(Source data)
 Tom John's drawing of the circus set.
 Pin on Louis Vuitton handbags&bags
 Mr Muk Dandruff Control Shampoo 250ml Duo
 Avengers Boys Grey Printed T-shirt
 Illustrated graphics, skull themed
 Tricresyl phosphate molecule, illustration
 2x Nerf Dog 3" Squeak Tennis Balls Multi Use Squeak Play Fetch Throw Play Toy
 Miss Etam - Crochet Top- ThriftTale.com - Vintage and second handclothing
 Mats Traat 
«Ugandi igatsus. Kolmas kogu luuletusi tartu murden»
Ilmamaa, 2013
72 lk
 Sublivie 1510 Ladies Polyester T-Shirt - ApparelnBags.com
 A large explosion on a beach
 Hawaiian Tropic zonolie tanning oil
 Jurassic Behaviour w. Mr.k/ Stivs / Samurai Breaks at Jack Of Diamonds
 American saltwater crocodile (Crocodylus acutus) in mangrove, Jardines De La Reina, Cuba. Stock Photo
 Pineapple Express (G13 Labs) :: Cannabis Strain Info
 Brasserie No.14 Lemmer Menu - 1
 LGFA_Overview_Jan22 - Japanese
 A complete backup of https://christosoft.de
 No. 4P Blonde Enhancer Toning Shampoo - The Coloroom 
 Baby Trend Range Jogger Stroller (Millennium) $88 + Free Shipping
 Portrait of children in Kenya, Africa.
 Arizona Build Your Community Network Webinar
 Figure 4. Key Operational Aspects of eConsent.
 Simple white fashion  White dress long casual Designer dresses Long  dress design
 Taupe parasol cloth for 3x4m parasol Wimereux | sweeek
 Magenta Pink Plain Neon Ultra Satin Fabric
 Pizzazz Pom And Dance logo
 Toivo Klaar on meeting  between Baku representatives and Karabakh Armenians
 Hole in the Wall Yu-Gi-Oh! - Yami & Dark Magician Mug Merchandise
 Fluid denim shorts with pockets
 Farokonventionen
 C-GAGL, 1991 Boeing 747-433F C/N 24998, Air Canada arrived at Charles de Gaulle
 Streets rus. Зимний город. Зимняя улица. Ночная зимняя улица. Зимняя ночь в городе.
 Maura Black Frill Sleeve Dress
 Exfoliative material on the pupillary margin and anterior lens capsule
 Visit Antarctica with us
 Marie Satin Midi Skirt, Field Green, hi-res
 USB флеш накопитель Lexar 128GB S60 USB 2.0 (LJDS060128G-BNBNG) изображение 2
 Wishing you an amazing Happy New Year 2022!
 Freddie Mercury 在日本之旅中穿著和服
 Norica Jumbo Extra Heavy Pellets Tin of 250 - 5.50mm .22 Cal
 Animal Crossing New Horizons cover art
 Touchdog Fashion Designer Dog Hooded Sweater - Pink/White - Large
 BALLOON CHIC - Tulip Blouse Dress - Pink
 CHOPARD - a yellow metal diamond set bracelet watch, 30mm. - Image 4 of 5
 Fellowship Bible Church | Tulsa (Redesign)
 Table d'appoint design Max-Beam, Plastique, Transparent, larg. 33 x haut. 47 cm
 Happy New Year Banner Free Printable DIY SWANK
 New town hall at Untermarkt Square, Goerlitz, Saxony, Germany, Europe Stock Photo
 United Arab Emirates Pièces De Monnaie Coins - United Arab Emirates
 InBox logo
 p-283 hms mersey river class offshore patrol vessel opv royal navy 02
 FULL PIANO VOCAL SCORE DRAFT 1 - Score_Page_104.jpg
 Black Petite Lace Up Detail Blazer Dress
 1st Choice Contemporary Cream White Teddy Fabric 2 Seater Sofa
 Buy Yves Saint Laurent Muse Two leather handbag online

## Exercise aim
Beginning at the first line of the data above, retype each line until you reach the line containing "Pizzazz Pom And Dance logo", and include that one too. Add nothing else.

## Solution for this exercise
 Tom John's drawing of the circus set.
 Pin on Louis Vuitton handbags&bags
 Mr Muk Dandruff Control Shampoo 250ml Duo
 Avengers Boys Grey Printed T-shirt
 Illustrated graphics, skull themed
 Tricresyl phosphate molecule, illustration
 2x Nerf Dog 3" Squeak Tennis Balls Multi Use Squeak Play Fetch Throw Play Toy
 Miss Etam - Crochet Top- ThriftTale.com - Vintage and second handclothing
 Mats Traat 
«Ugandi igatsus. Kolmas kogu luuletusi tartu murden»
Ilmamaa, 2013
72 lk
 Sublivie 1510 Ladies Polyester T-Shirt - ApparelnBags.com
 A large explosion on a beach
 Hawaiian Tropic zonolie tanning oil
 Jurassic Behaviour w. Mr.k/ Stivs / Samurai Breaks at Jack Of Diamonds
 American saltwater crocodile (Crocodylus acutus) in mangrove, Jardines De La Reina, Cuba. Stock Photo
 Pineapple Express (G13 Labs) :: Cannabis Strain Info
 Brasserie No.14 Lemmer Menu - 1
 LGFA_Overview_Jan22 - Japanese
 A complete backup of https://christosoft.de
 No. 4P Blonde Enhancer Toning Shampoo - The Coloroom 
 Baby Trend Range Jogger Stroller (Millennium) $88 + Free Shipping
 Portrait of children in Kenya, Africa.
 Arizona Build Your Community Network Webinar
 Figure 4. Key Operational Aspects of eConsent.
 Simple white fashion  White dress long casual Designer dresses Long  dress design
 Taupe parasol cloth for 3x4m parasol Wimereux | sweeek
 Magenta Pink Plain Neon Ultra Satin Fabric
 Pizzazz Pom And Dance logo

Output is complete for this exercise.